**THE INPUT**
• • • • • • •
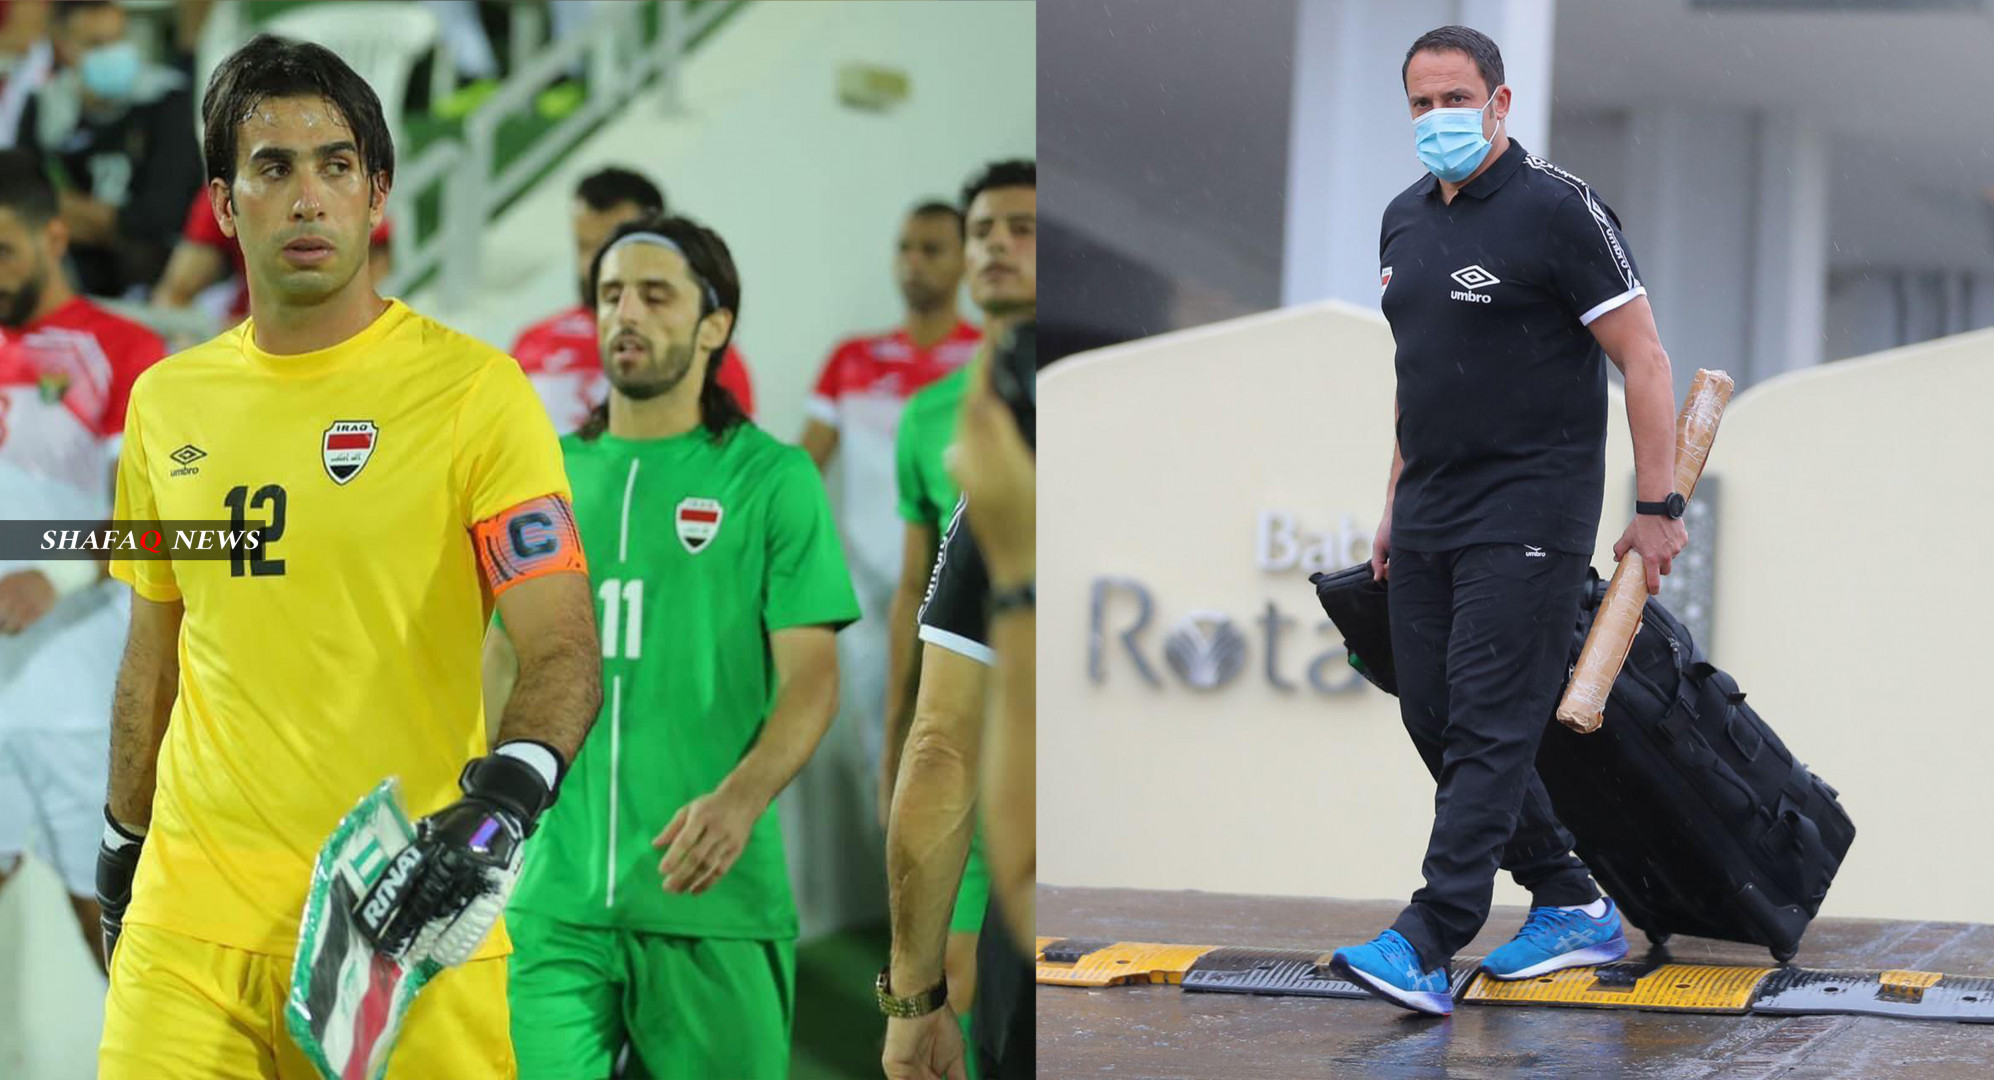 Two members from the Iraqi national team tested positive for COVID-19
• • • • • • •
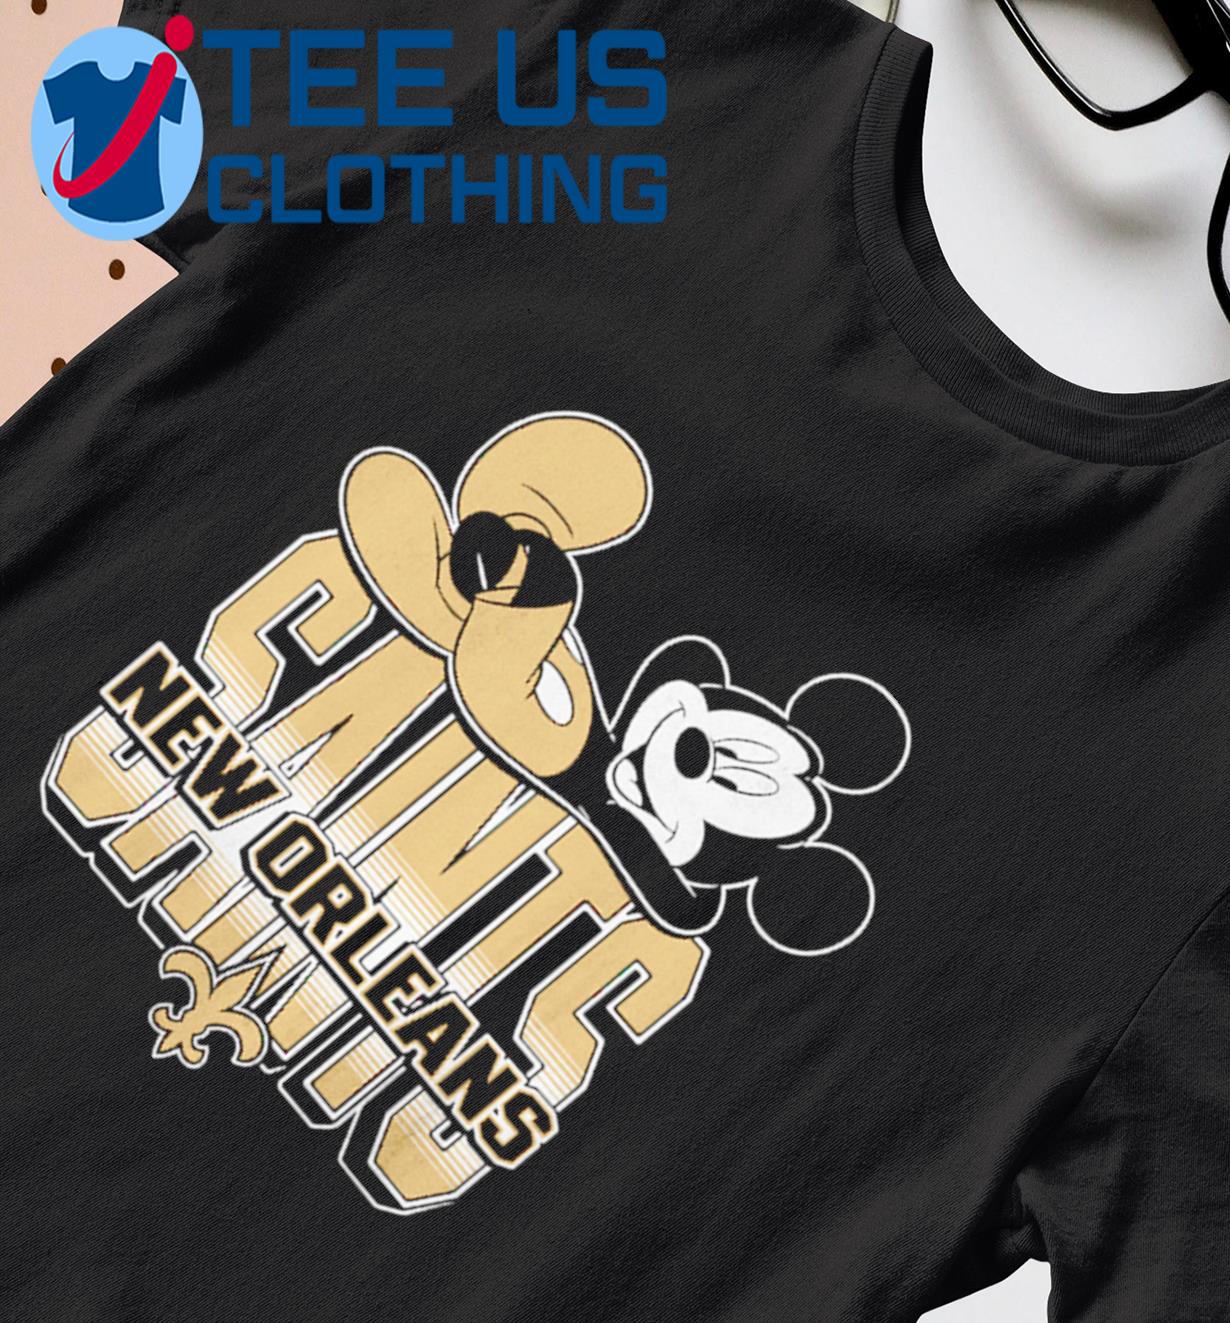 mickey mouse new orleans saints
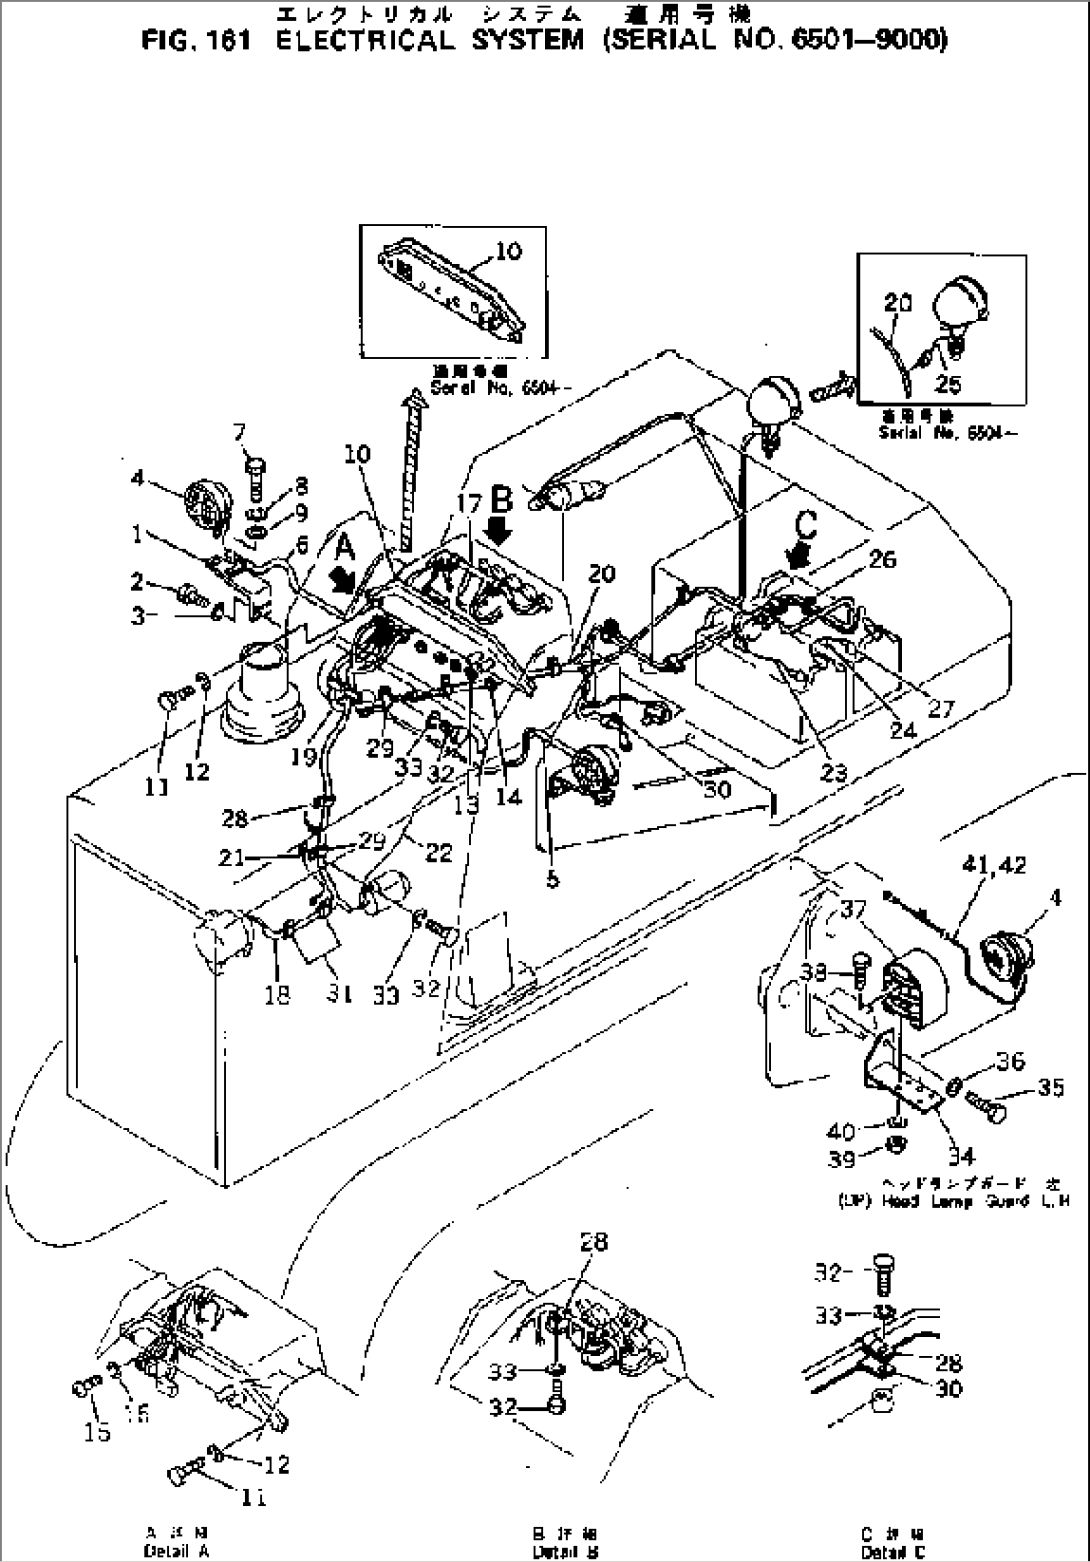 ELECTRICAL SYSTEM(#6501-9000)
• • • • • • •
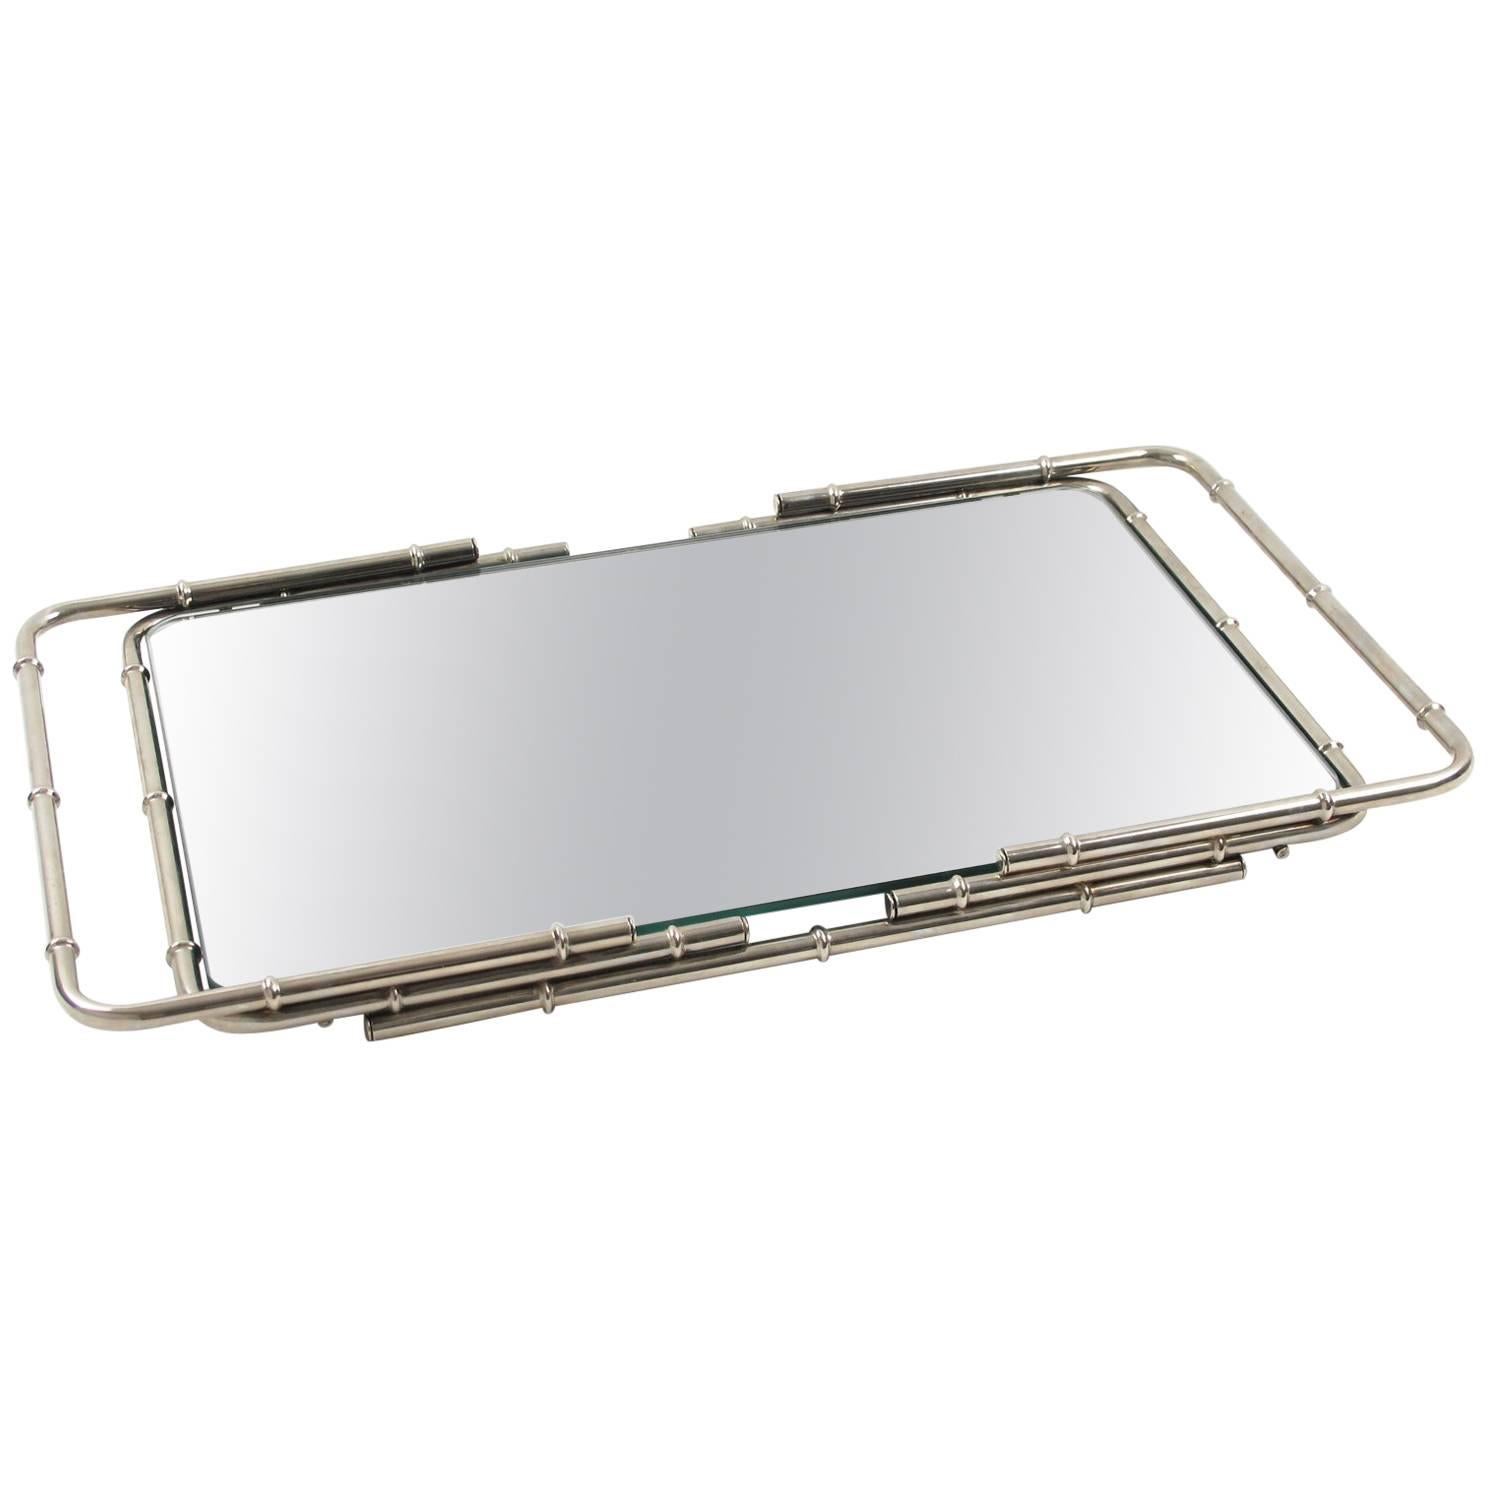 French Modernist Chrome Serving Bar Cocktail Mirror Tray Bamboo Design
• • • • • • •
**TASK REQUIREMENTS**
Transcribe only this stretch of the data: the line with "mickey mouse new orleans saints", the line with "ELECTRICAL SYSTEM(#6501-9000)", and every line in between. Leave out the pictures.

**ANSWER SPACE**
 mickey mouse new orleans saints
 ELECTRICAL SYSTEM(#6501-9000)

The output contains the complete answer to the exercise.